La pratique agroécologique a le pouvoir de refertiliser les sols, de lutter contre la désertification, de préserver la biodiversité, d’optimiser l’usage de l’eau. Elle est une alternative peu coûteuse et adaptée aux populations les plus démunies. Par la revalorisation des ressources naturelles et locales, elle libère le paysan de la dépendance des intrants chimiques et des transports générateurs de tant de pollutions et responsables d’une véritable chorégraphie de l’absurde où des denrées anonymes parcourent chaque jour des milliers de kilomètres plutôt que d’être produites sur place. Enfin, elle permet de produire une alimentation de qualité, garante de bonne santé pour la terre et ses enfants.
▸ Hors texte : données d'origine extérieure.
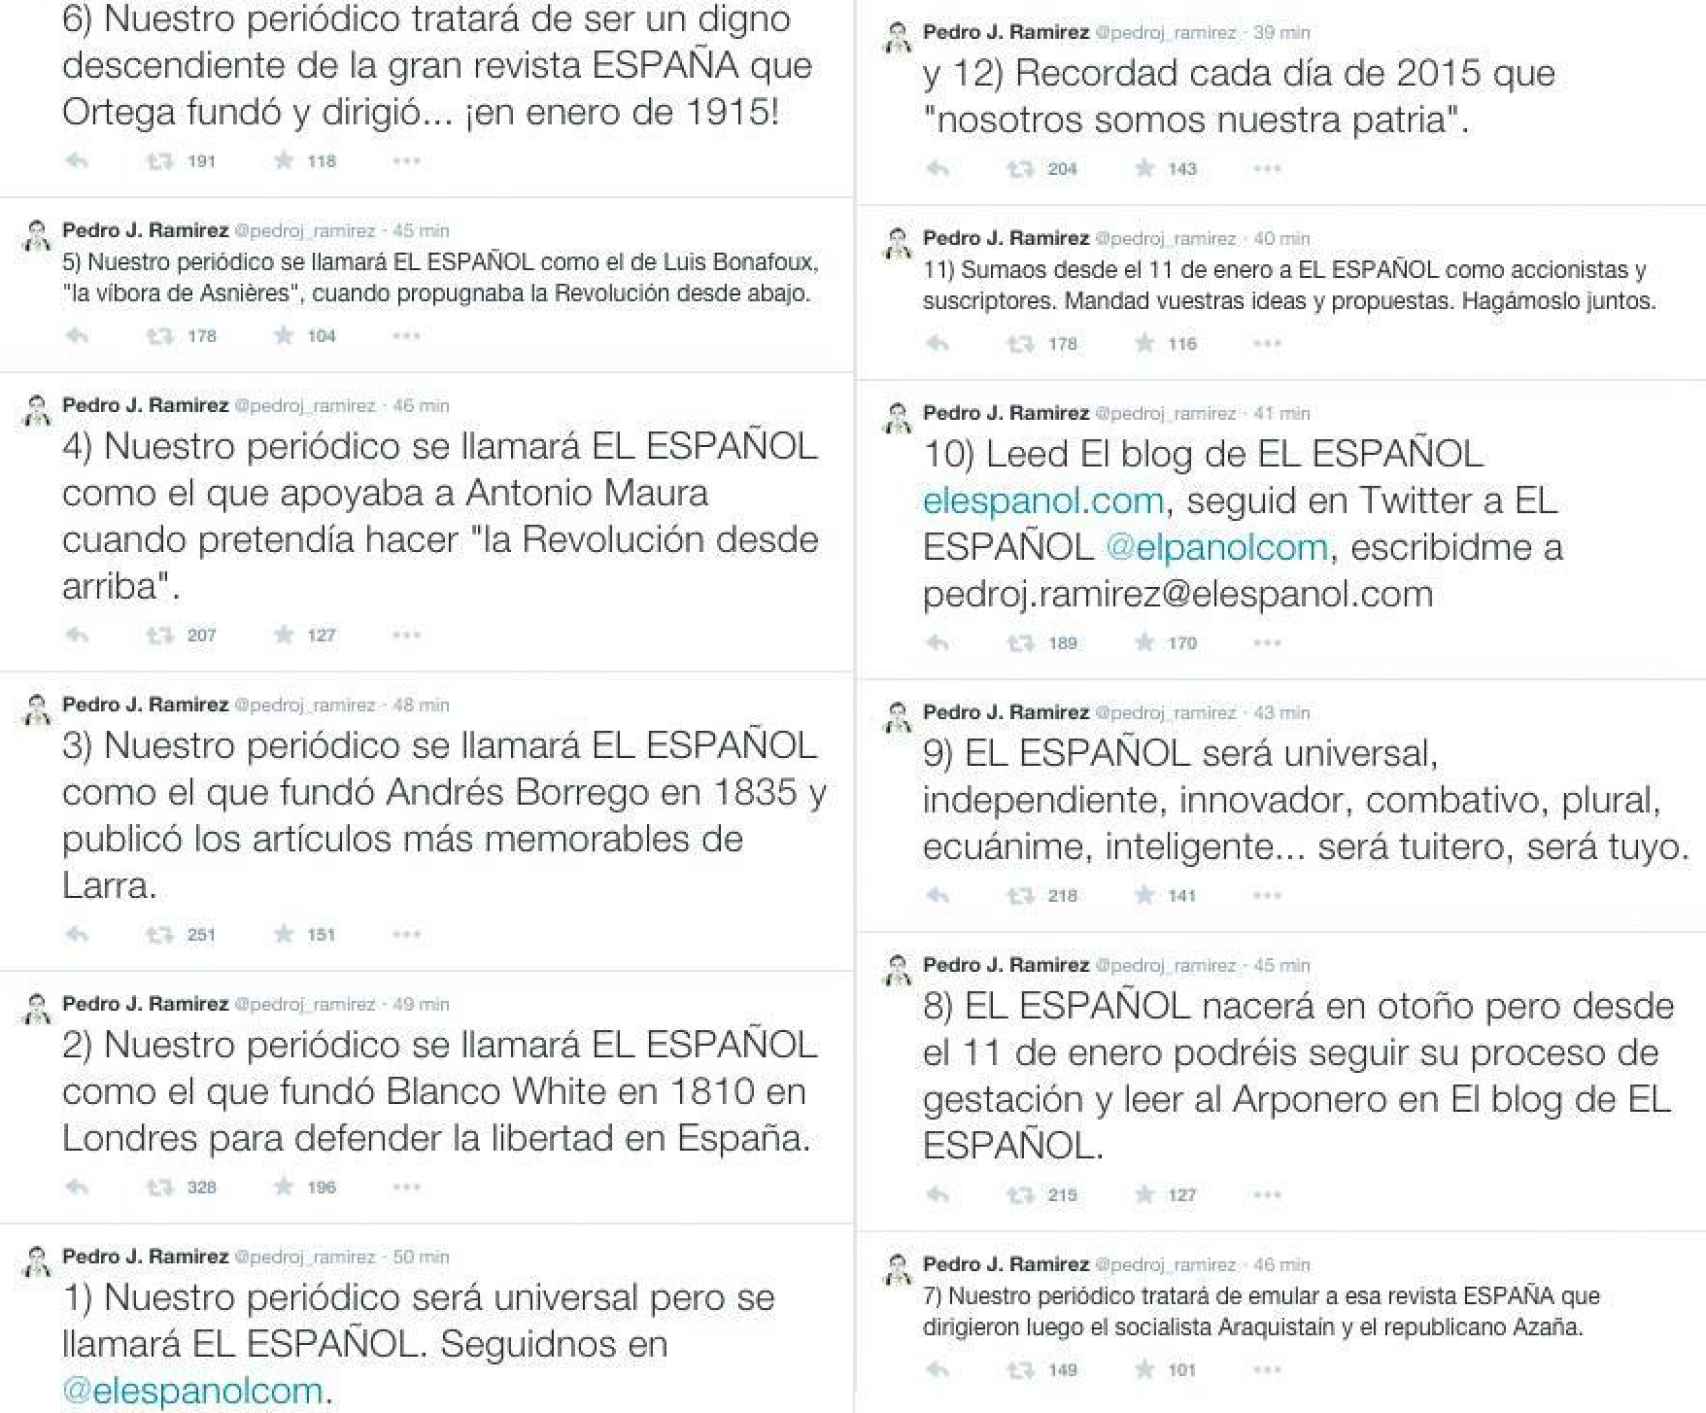 Principios fundacionales de EL ESPAÑOL publicados en Twitter por Pedro J. Ramírez el 1 de enero de 2015.
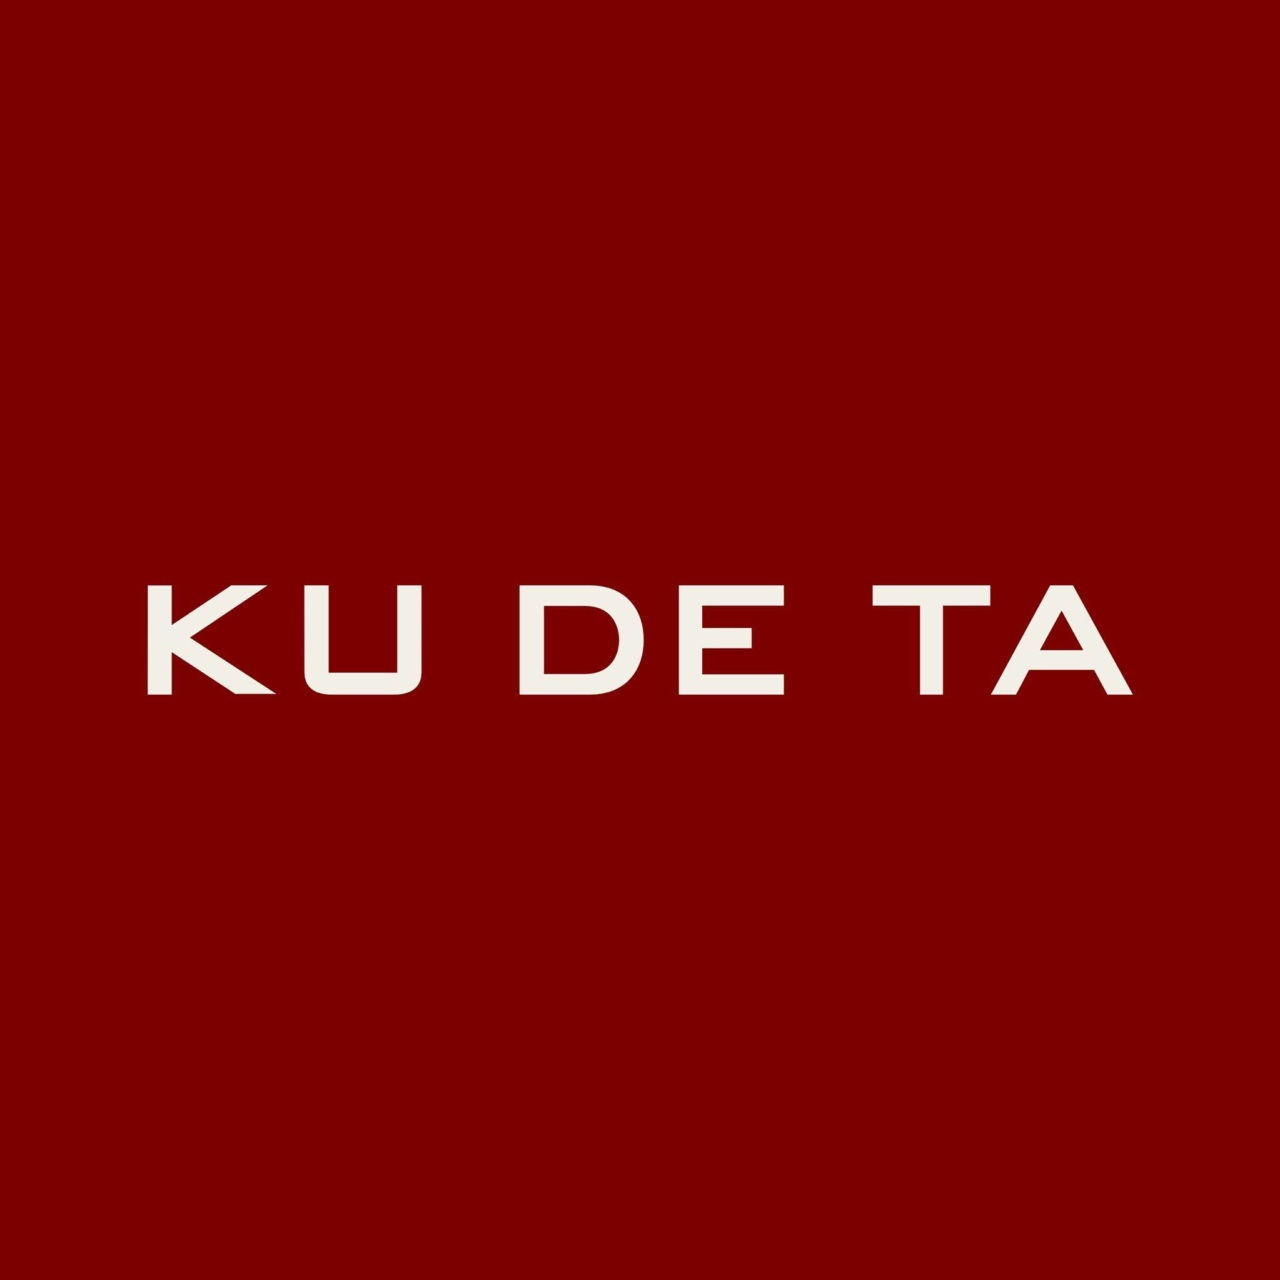 Kudeta-logo

Par ailleurs, l’agroécologie bien comprise peut être à la base d’une mutation sociale. Elle est une éthique de vie qui introduit un rapport différent entre l’être humain, sa terre nourricière et son milieu naturel et permet de stopper le caractère destructeur et prédateur de
cette relation.

C’est ainsi qu’elle représente pour nous bien plus qu’une simple alternative agronomique. Elle est liée à une dimension profonde du respect de la vie et replace l’être humain dans sa responsabilité à l’égard du vivant. Bien au-delà des plaisirs superficiels toujours inassouvis, elle lui permet de retrouver la vibration de l’enchantement, le sentiment de ces êtres premiers pour qui la création, les créatures et la terre étaient avant tout sacrées.